Nach dem ich noch ein letztes mal den Luxus eines Bades und einer Küche genießen konnte, verabschiedete ich mich von Steve und den anderen und fuhr los.
Seit Tagen bin ich am grübeln, ob es sinnvoller ist, die Bergkette von Norden nach Süden oder umgekehrt zu befahren.

Um wieder langsam rein zukommen beschloss ich die Straße nach Norden zu nehmen um dann dort auf die Berge zu fahren. Unterwegs dorthin habe ich bei "Fairy Glens" halt gemacht. Eine wunderschöne Landschaft, bei der man durchaus annehmen könnte, dass sie Feen beherbergt =)

Im Norden angekommen bot sich mir eine sagenhafte Kulisse. Aber seht selbst:

Nach einem Burger an einer Snackbox machte ich mich auf den Weg zu meinem ersten Gipfel auf ca. 380m. Die Aussicht ist Atemberaubend. Und das meine ich auch wörtlich. Ich dachte immer ich sei ganz gut schwindelfrei. Aber als ich mich an einem kleinen Vorsprung mit locker zwei Meter Abstand zur Klippe hinsetzte, dauerte es keine 5 Minuten bis mir doch langsam der Stift ging. Es gab definitiv genug Sicherheit. Mein Kopf sah das bei dem Ausblick aber irgendwie anders =)

Der Abstieg in Richtung des nächsten Gipfels sollte dann eigentlich mit dem Bike gefahren werden.

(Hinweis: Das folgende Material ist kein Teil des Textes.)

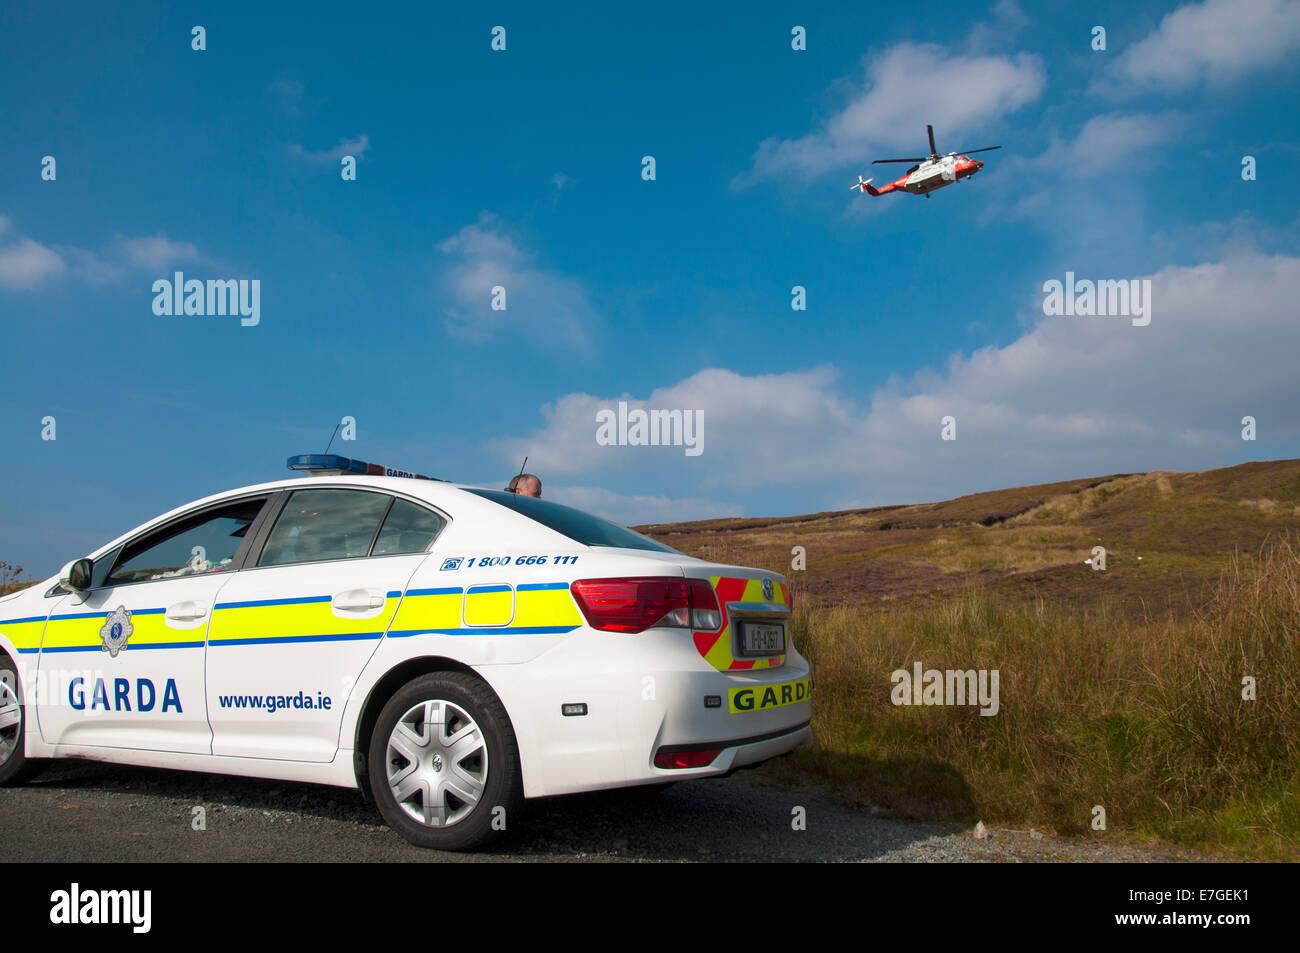 Irish Coast Guard IRCG  Garda Cósta na hÉireann Sikorsky helicopter flies above an Irish police car during a medical Stock Photo

Ich hab zwar auf der Karte einen Weg, aber in der Realität war davon nix zu sehen. Ich versuchte es dennoch und scheiterte am sumpfigen Bodengrund. Dies hinderte mich nicht nur am Fahren, sondern auch am finden eines Zeltplatzes für die Nacht.
Ich kann mir vorstellen, dass der Weg zugewachsen ist und im Mai noch nicht genug Wanderer wieder den Weg kenntlich getrampelt haben. Ich versuche mein Glück um Pfützen drumherum zu kommen, gebe diesen Versuch aber auch wieder recht schnell auf. Es besteht hier alles aus Pfützen. Spannenderweise ist es auch egal, wo ich entlang gehe. Selbst 50m vom in der Karte angezeigten Weg entfernt, sehe ich hier und da Fußspuren. Auch Radspuren von vermutlich Mountainbikes verteilen sich auf einem großen Abstand. Ich scheine also einer von vielen zu sein, die den Weg hier nicht finden können.

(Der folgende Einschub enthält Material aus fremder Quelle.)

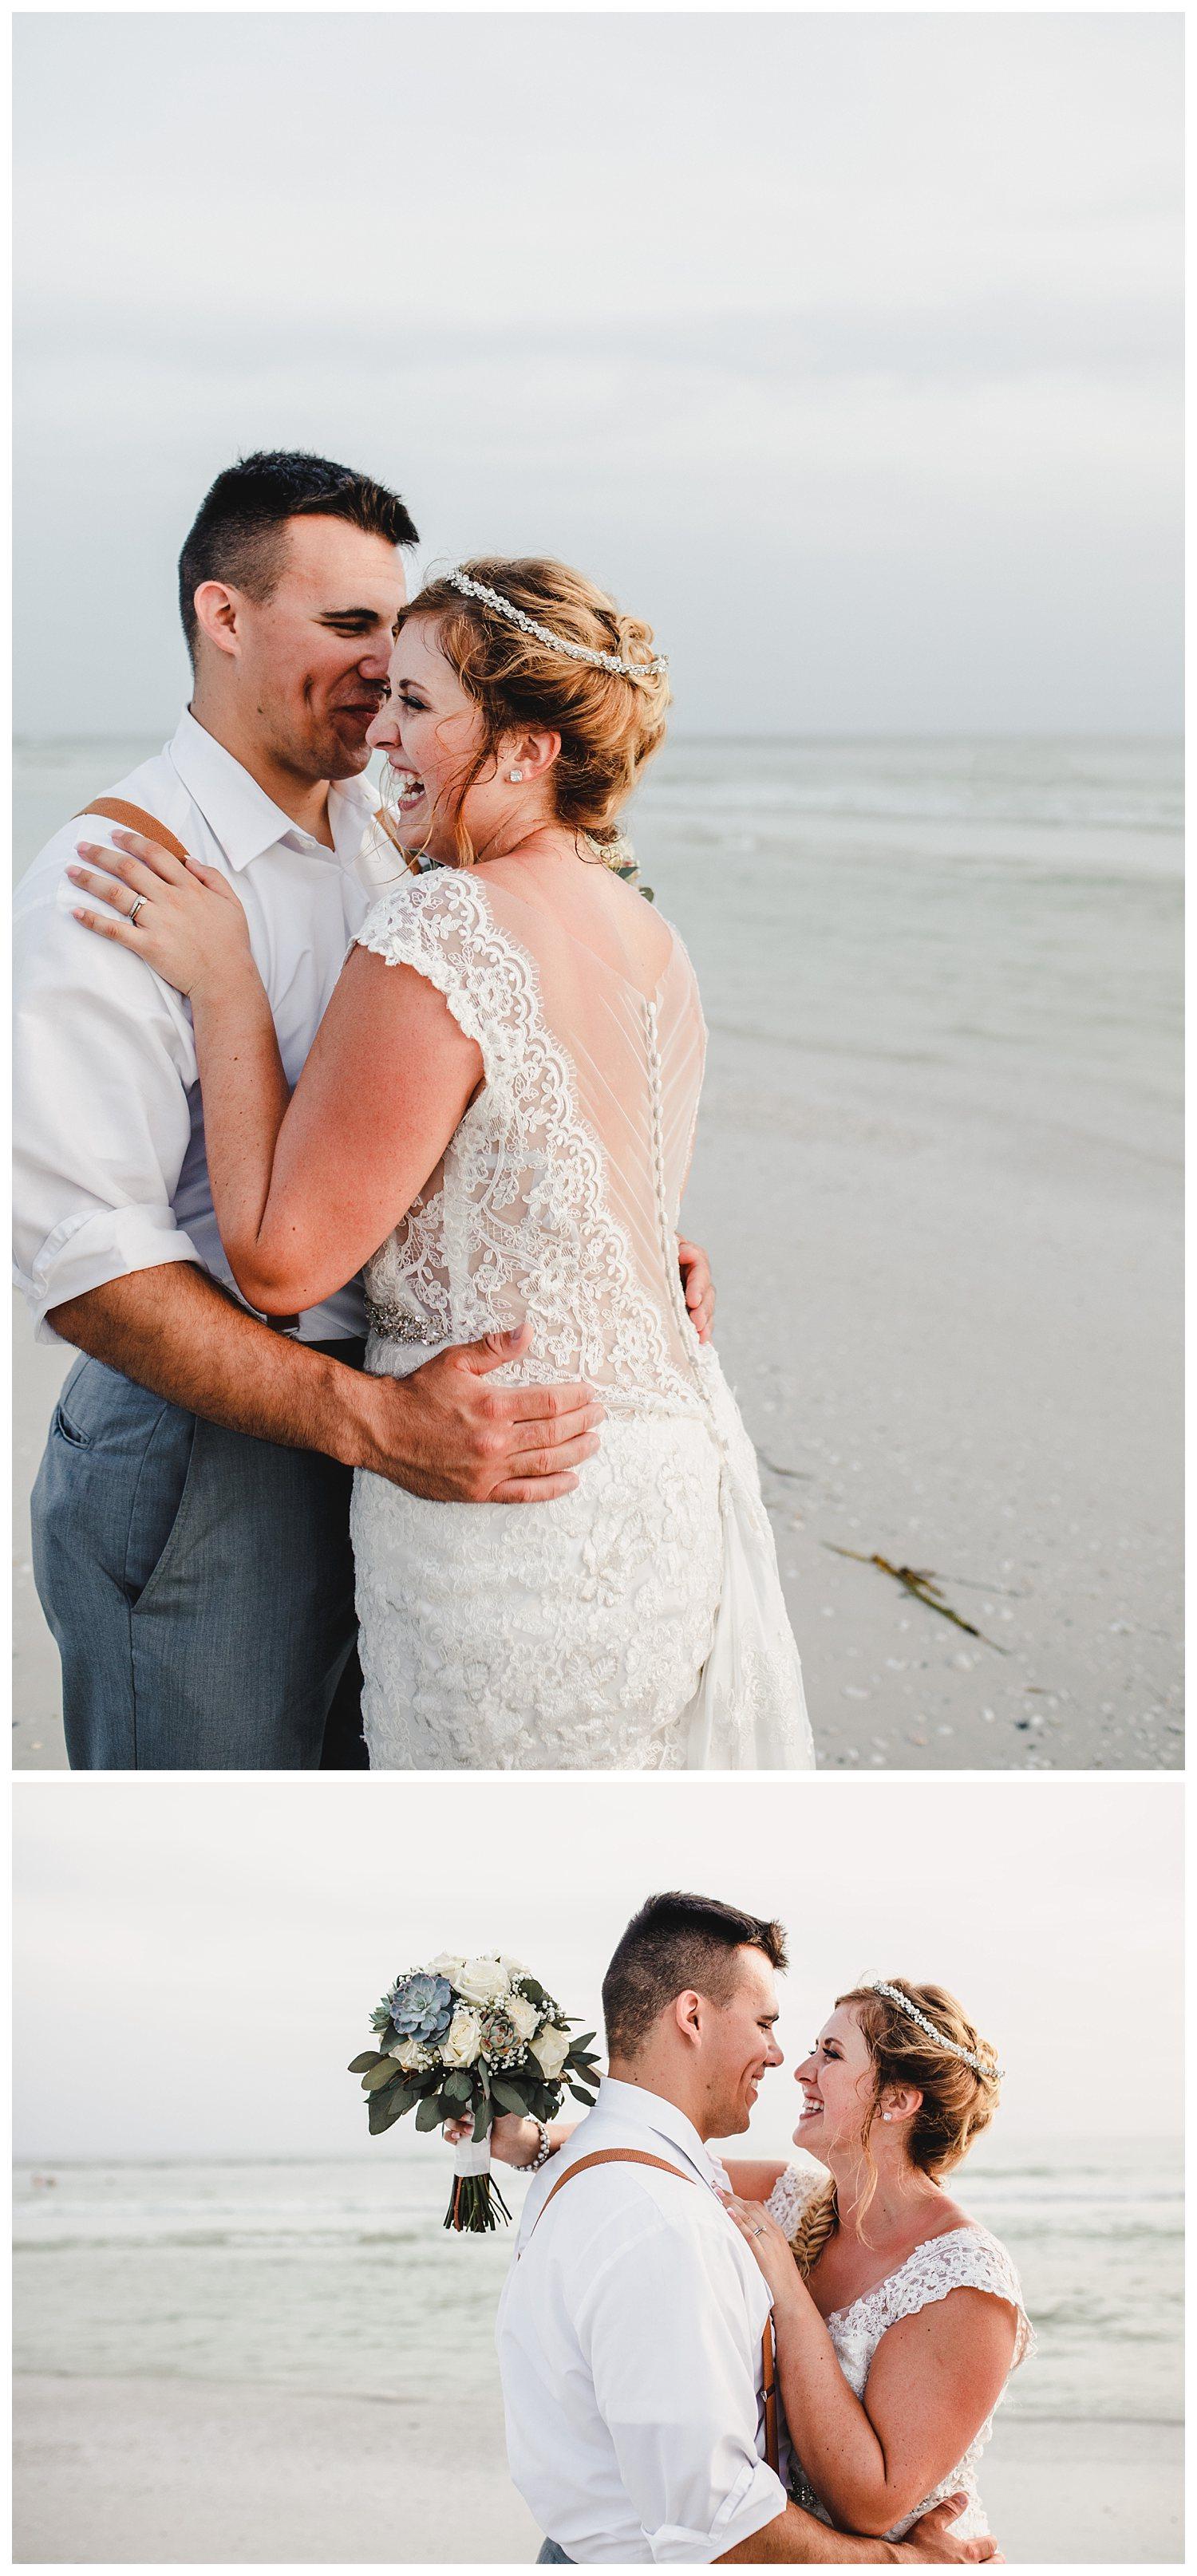 Kelsey_Diane_Photography_Destination_Wedding_Sarasota_Florida_Beach_Wedding_Alex_Austin_0680.jpg

Es ist ca. 19 Uhr und nach vielem Suchen finde ich auf dem letzten drittel hoch zum nächsten Gipfel ein halbwegs brauchbares Areal von wenigen Quadratmetern, auf dem ich dann mein Zelt aufschlage. Soweit oben habe ich den vollen Blick über das Meer.

Die Sonne wird dunkler aber verschwindet nicht wirklich. Selbst um 23 Uhr, als man die Sonne hinter den Wolken nicht mehr sieht, ist es noch sehr hell. Eigentlich bleibt es auch nur für sehr wenige Stunden in der Nacht tatsächlich dunkel.